When Is Debt Dangerous?

Generally speaking, debt only becomes a real problem when a company can't easily pay it off, either by raising capital or with its own cash flow. Ultimately, if the company can't fulfill its legal obligations to repay debt, shareholders could walk away with nothing. However, a more usual (but still expensive) situation is where a company must dilute shareholders at a cheap share price simply to get debt under control. Of course, plenty of companies use debt to fund growth, without any negative consequences. The first step when considering a company's debt levels is to consider its cash and debt together.

How Much Debt Does Mangalam Organics Carry?

As you can see below, at the end of September 2024, Mangalam Organics had ₹2.67b of debt, up from ₹1.89b a year ago. Click the image for more detail. And it doesn't have much cash, so its net debt is about the same.

debt-equity-history-analysis
NSEI:MANORG Debt to Equity History March 28th 2025

A Look At Mangalam Organics' Liabilities

The latest balance sheet data shows that Mangalam Organics had liabilities of ₹2.98b due within a year, and liabilities of ₹210.0m falling due after that. Offsetting these obligations, it had cash of ₹14.9m as well as receivables valued at ₹790.7m due within 12 months. So its liabilities outweigh the sum of its cash and (near-term) receivables by ₹2.39b.

This is a mountain of leverage relative to its market capitalization of ₹3.27b. This suggests shareholders would be heavily diluted if the company needed to shore up its balance sheet in a hurry.

View our latest analysis for Mangalam Organics

We measure a company's debt load relative to its earnings power by looking at its net debt divided by its earnings before interest, tax, depreciation, and amortization (EBITDA) and by calculating how easily its earnings before interest and tax (EBIT) cover its interest expense (interest cover). This way, we consider both the absolute quantum of the debt, as well as the interest rates paid on it.
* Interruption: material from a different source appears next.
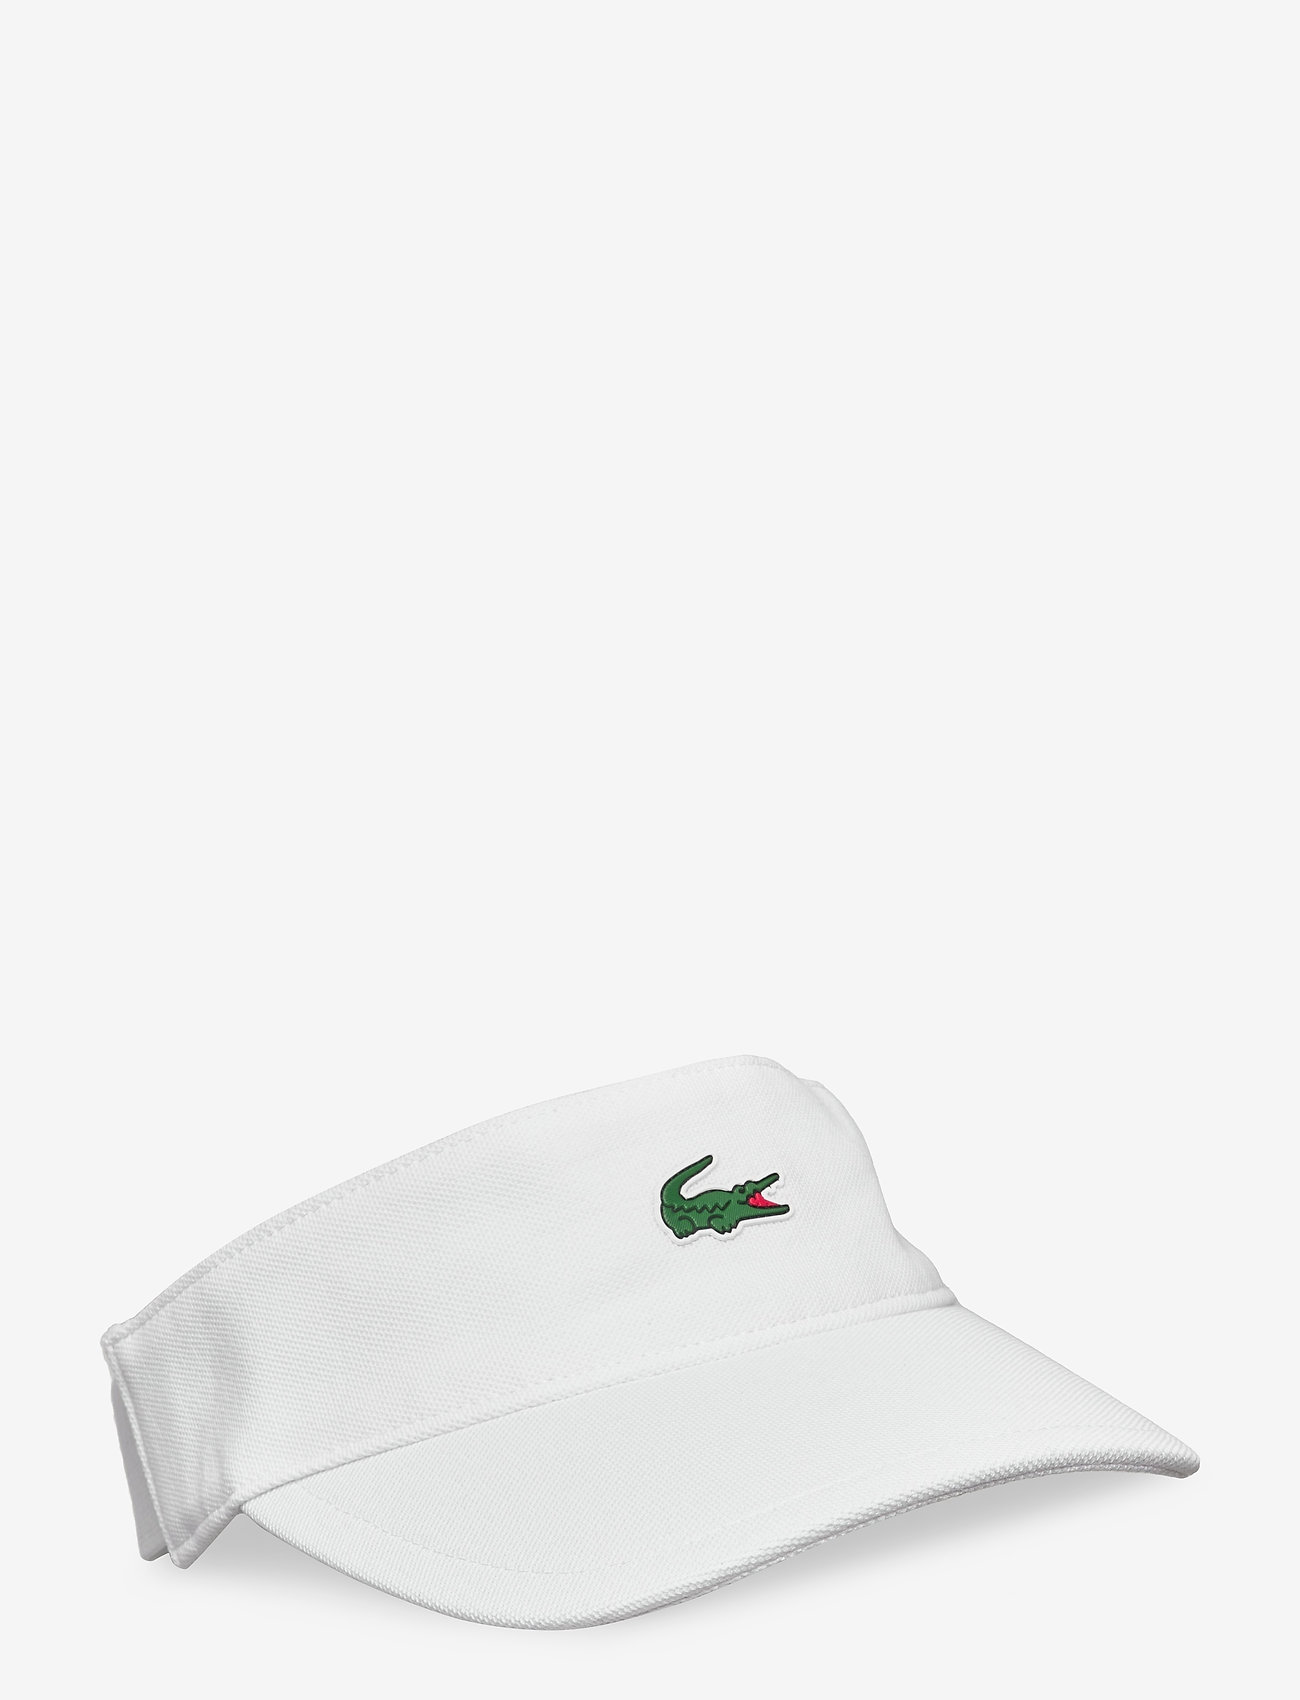 Lacoste - CAPS AND HATS - kepsar - white - 0

Weak interest cover of 1.7 times and a disturbingly high net debt to EBITDA ratio of 5.3 hit our confidence in Mangalam Organics like a one-two punch to the gut. This means we'd consider it to have a heavy debt load. Looking on the bright side, Mangalam Organics boosted its EBIT by a silky 40% in the last year. Like the milk of human kindness that sort of growth increases resilience, making the company more capable of managing debt. There's no doubt that we learn most about debt from the balance sheet. But it is Mangalam Organics's earnings that will influence how the balance sheet holds up in the future. So if you're keen to discover more about its earnings, it might be worth checking out this graph of its long term earnings trend.

Finally, a business needs free cash flow to pay off debt; accounting profits just don't cut it. So we clearly need to look at whether that EBIT is leading to corresponding free cash flow. Over the last two years, Mangalam Organics saw substantial negative free cash flow, in total. While that may be a result of expenditure for growth, it does make the debt far more risky.

Our View

On the face of it, Mangalam Organics's interest cover left us tentative about the stock, and its conversion of EBIT to free cash flow was no more enticing than the one empty restaurant on the busiest night of the year. But at least it's pretty decent at growing its EBIT; that's encouraging. Looking at the bigger picture, it seems clear to us that Mangalam Organics's use of debt is creating risks for the company. If all goes well, that should boost returns, but on the flip side, the risk of permanent capital loss is elevated by the debt. When analysing debt levels, the balance sheet is the obvious place to start. However, not all investment risk resides within the balance sheet - far from it. For example, we've discovered 3 warning signs for Mangalam Organics (2 are a bit unpleasant!) that you should be aware of before investing here.

Of course, if you're the type of investor who prefers buying stocks without the burden of debt, then don't hesitate to discover our exclusive list of net cash growth stocks, today.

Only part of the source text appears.